Data supplied Block Start

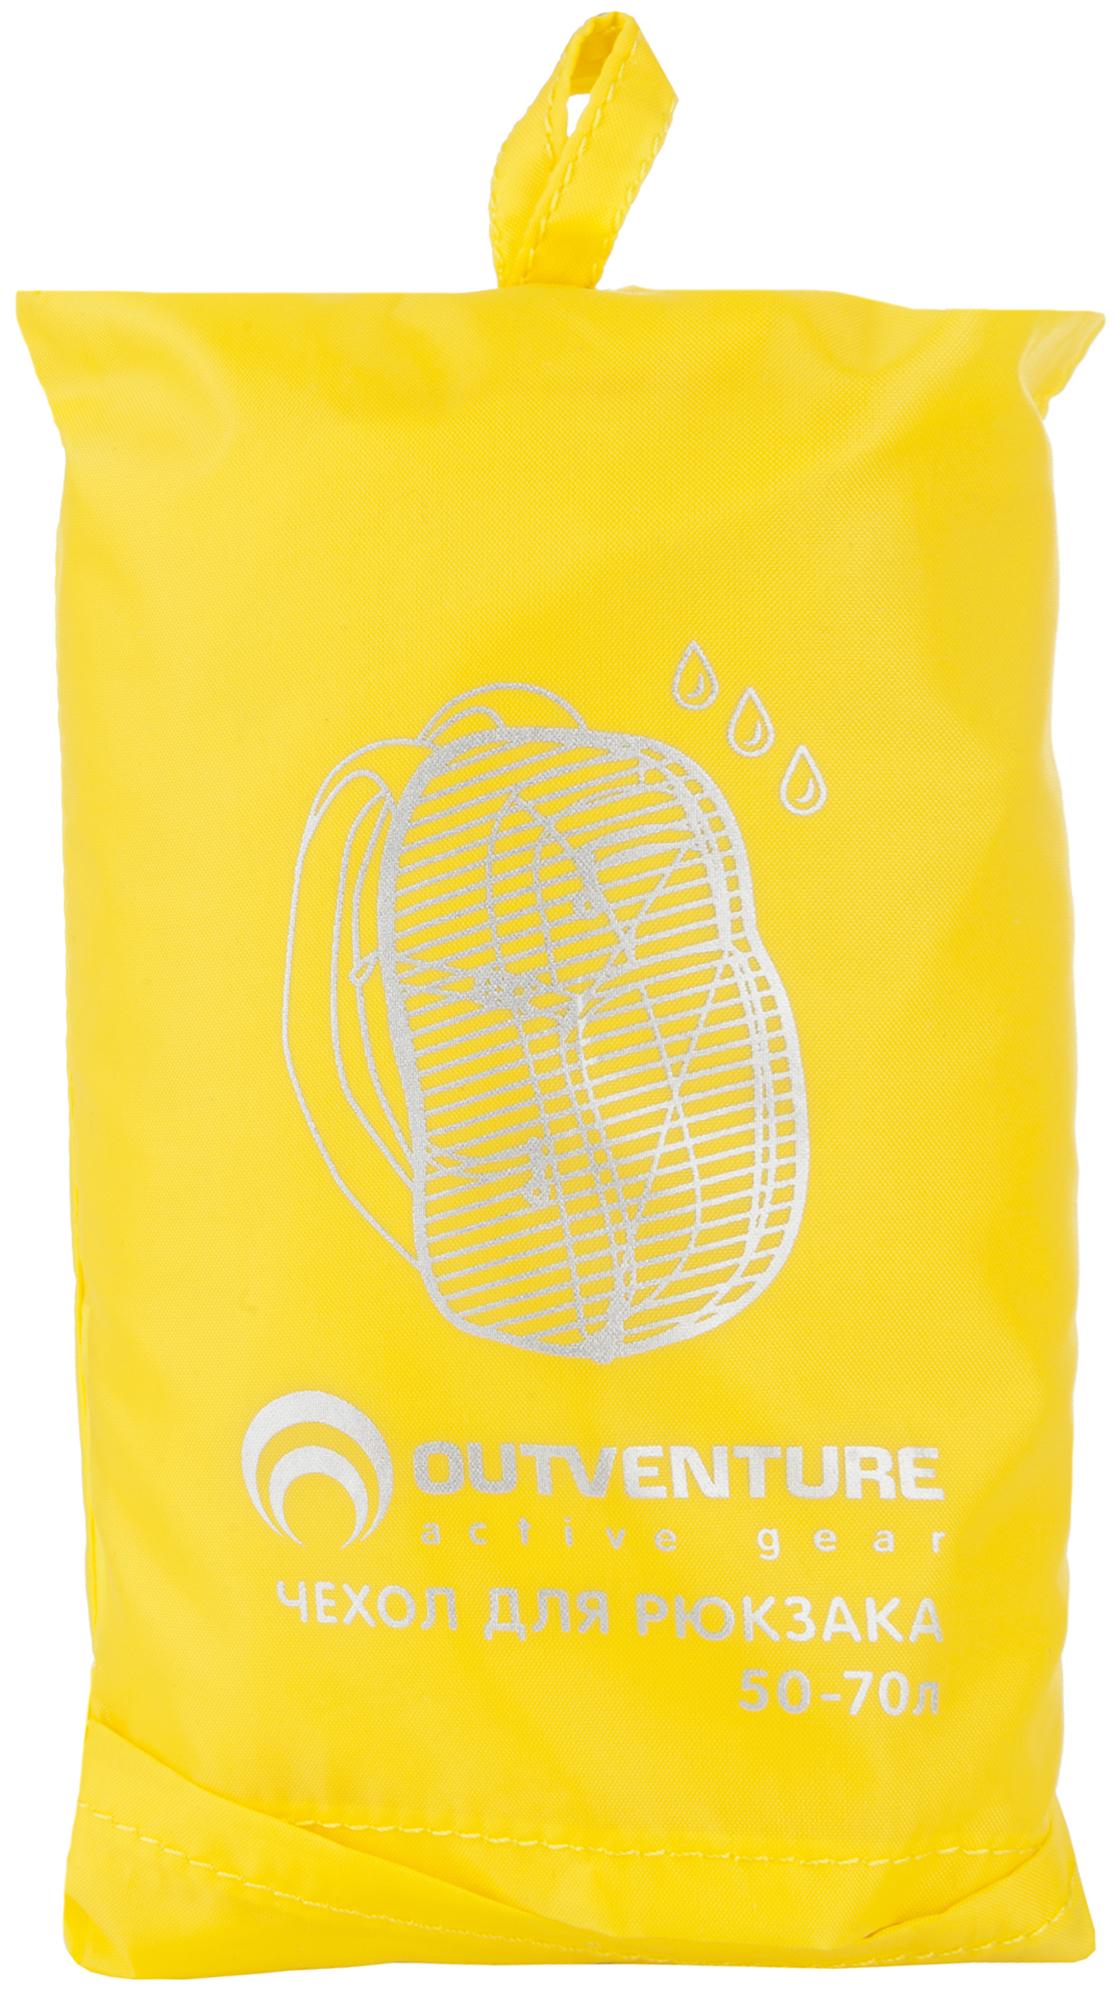 Outventure Накидка на рюкзак Outventure, 50-70 л
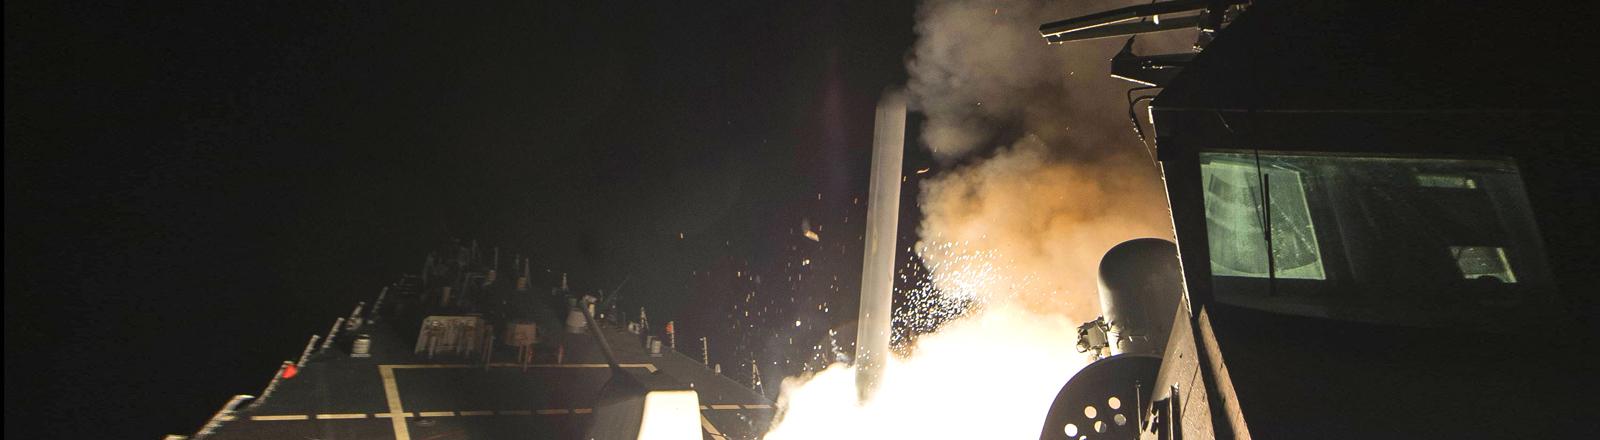 Die USS Ross feuert Tomahawk-Raketen ab - Foto veröffentlicht von der US Marine am 07.04.2017
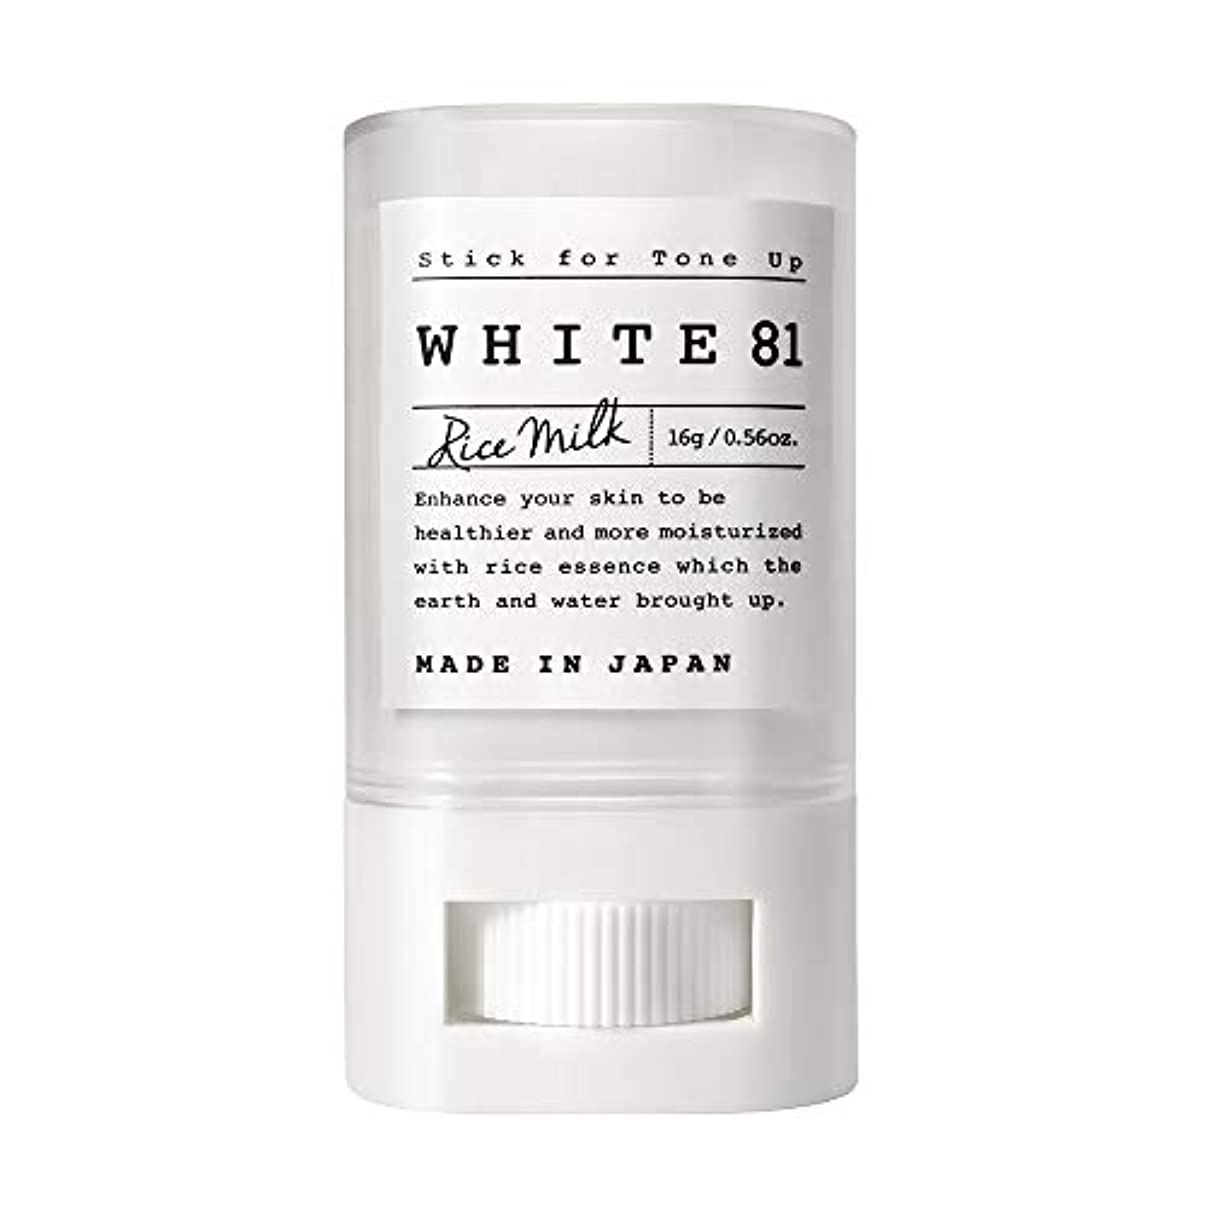 自信がある万歳ルビーWHITE81 ホワイト81 トーンアップスティック(化粧下地?日焼け止め / SPF35?PA+++?ウォータープルーフ?複合保湿成分配合?肌に優しい6種のフリー / 日本製)
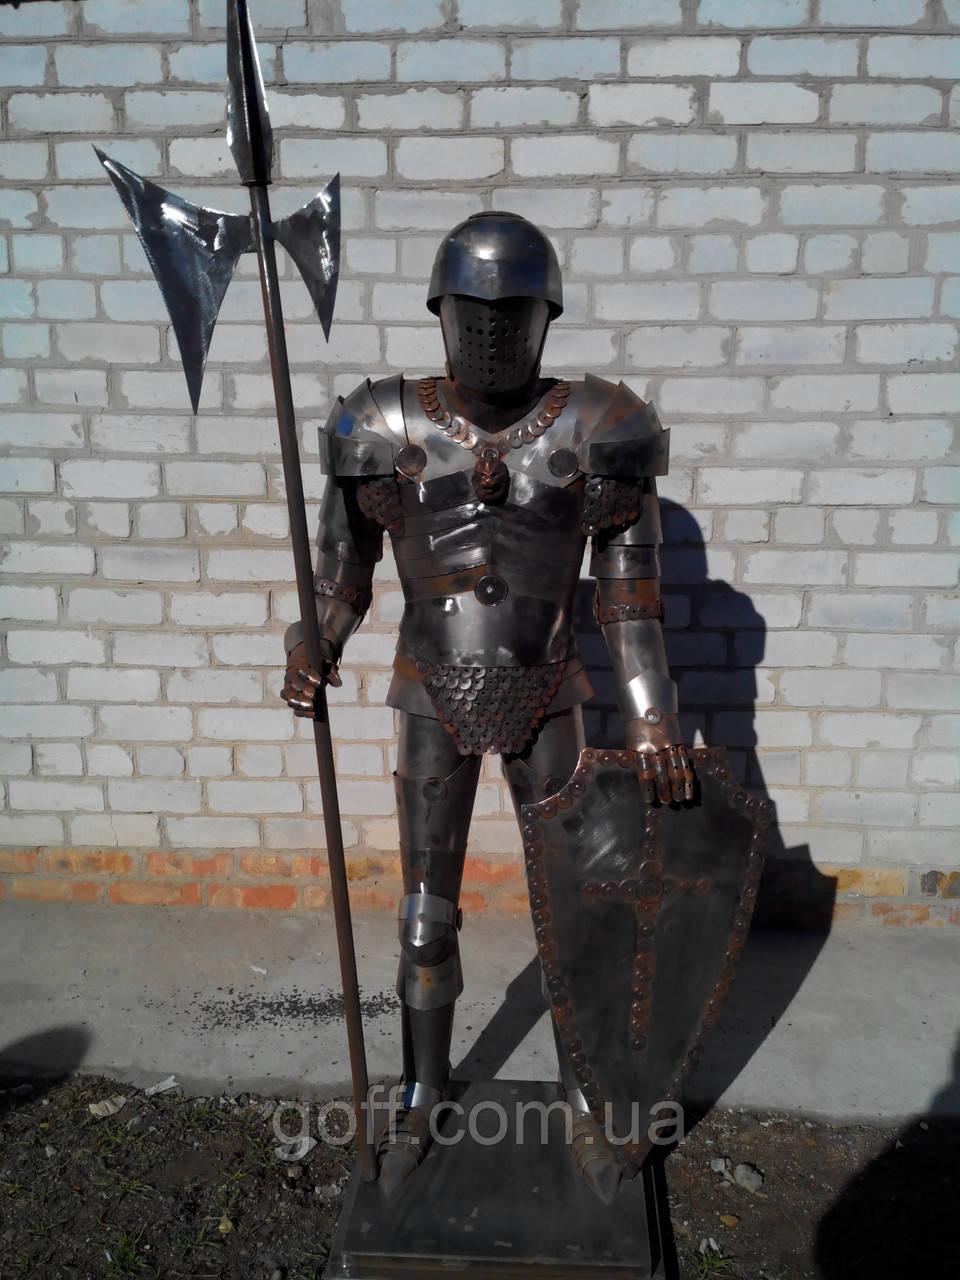 Металлический рыцарь, фото 1
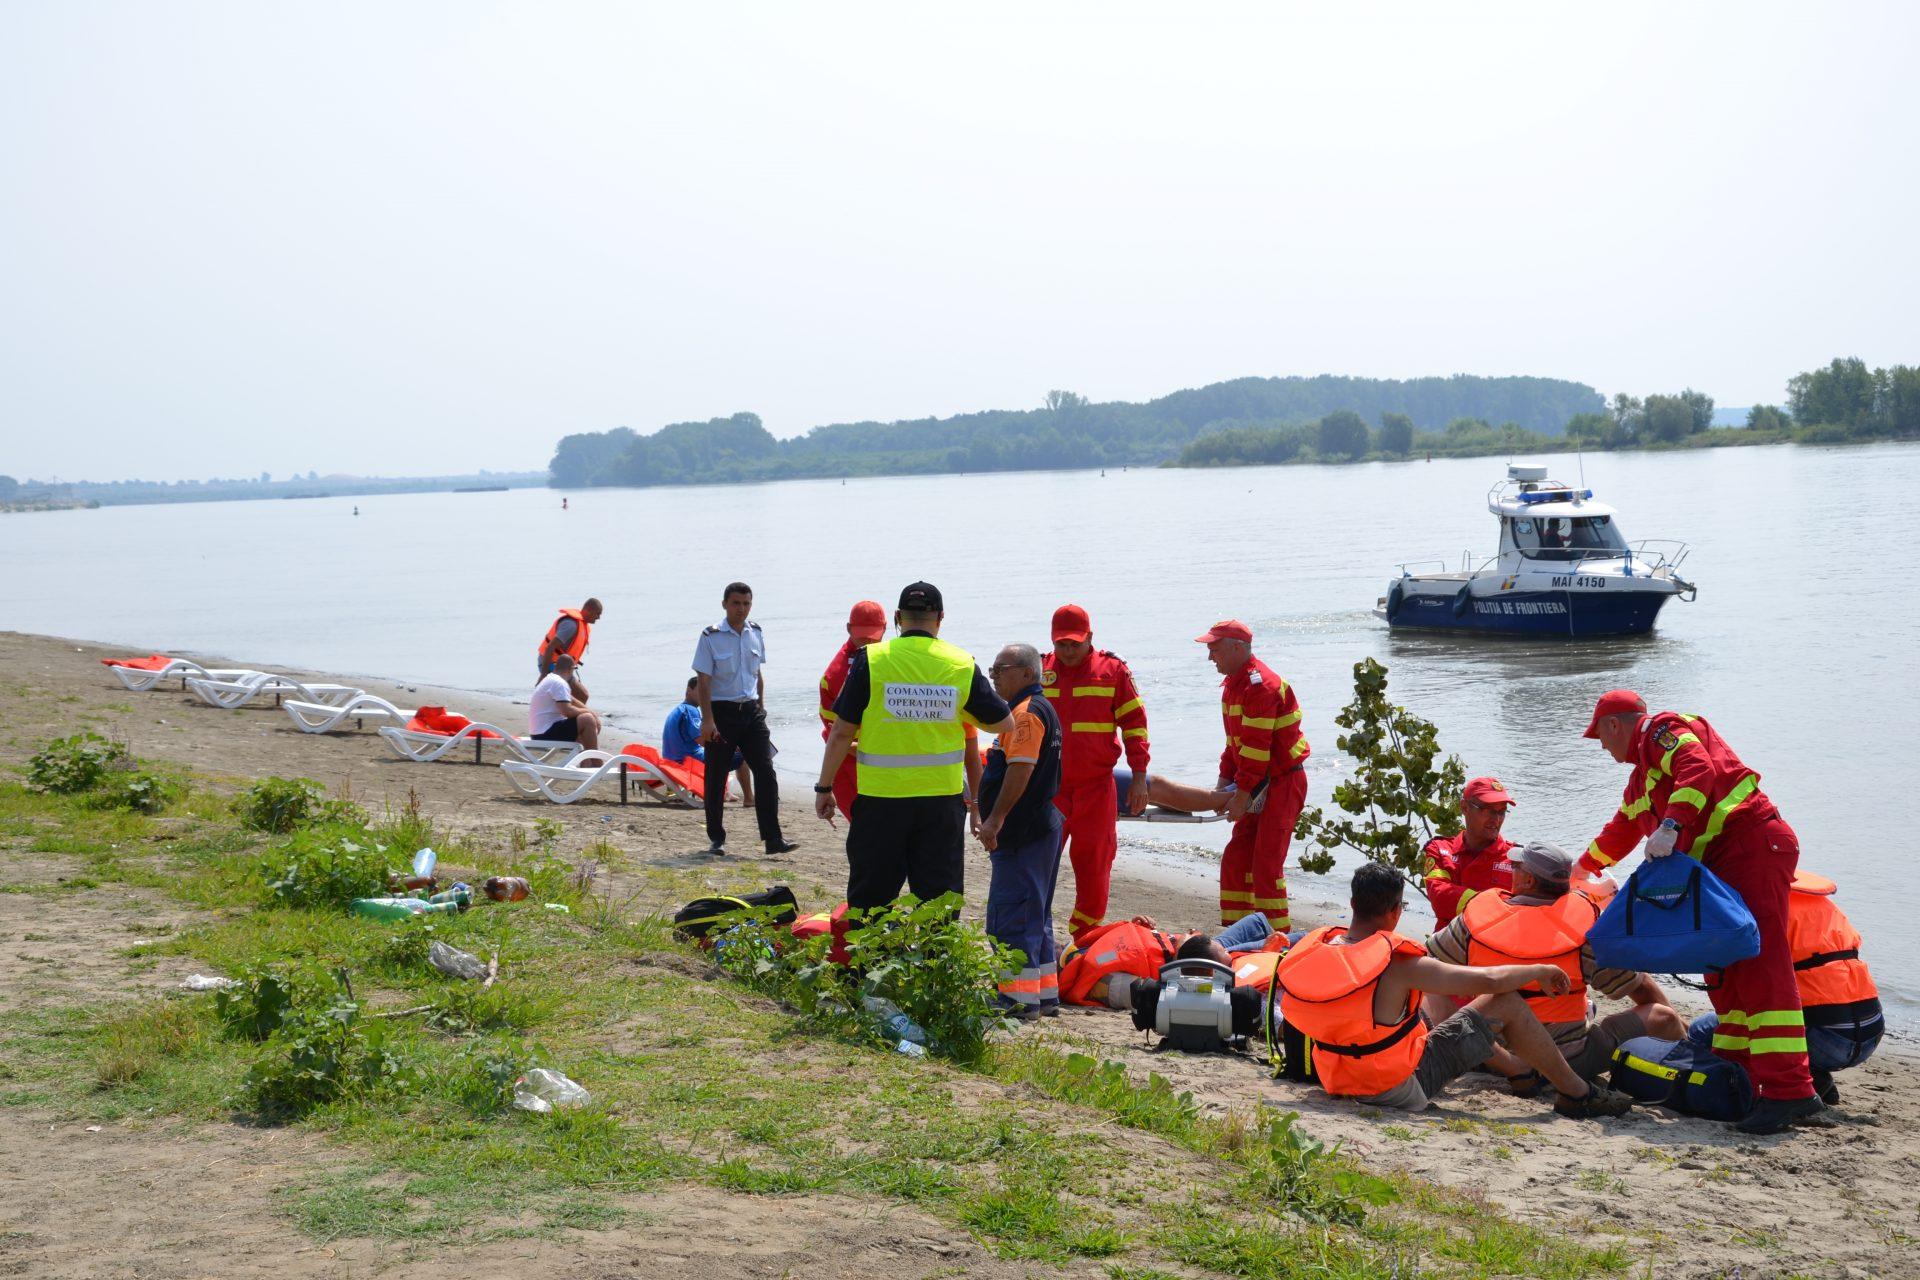 Simulare, accident naval cu victime multiple, pe Dunăre
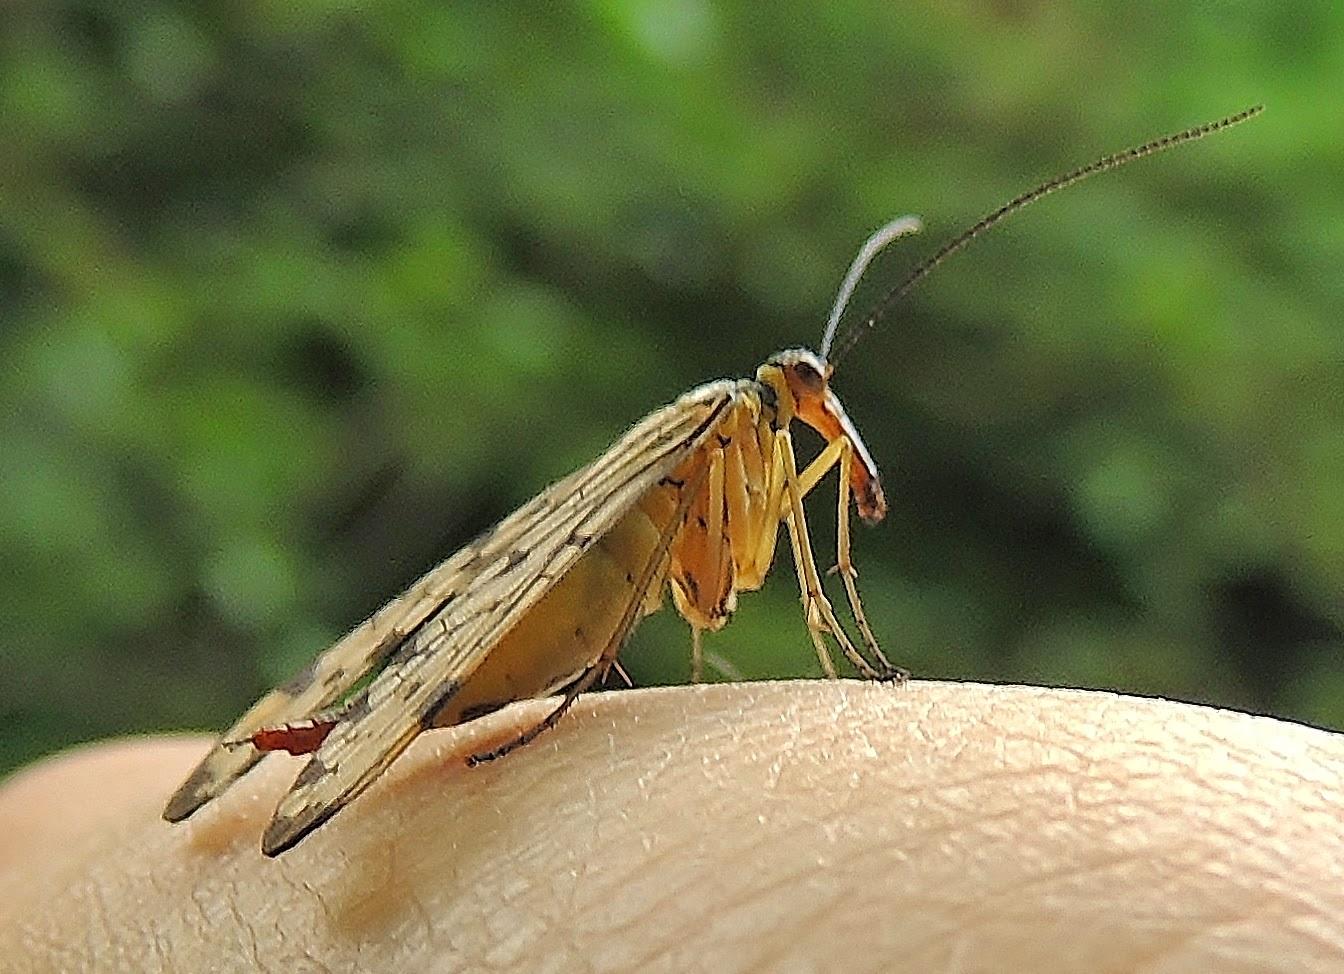 Mosca-escorpión5

Data supplied Block End

_The problem_:
Output exactly, and only, the lines running from the line containing "Металлический рыцарь, фото 1" to the last line of the entries above, omitting the pictures.

_Task response_:
 Металлический рыцарь, фото 1
 Simulare, accident naval cu victime multiple, pe Dunăre
 Mosca-escorpión5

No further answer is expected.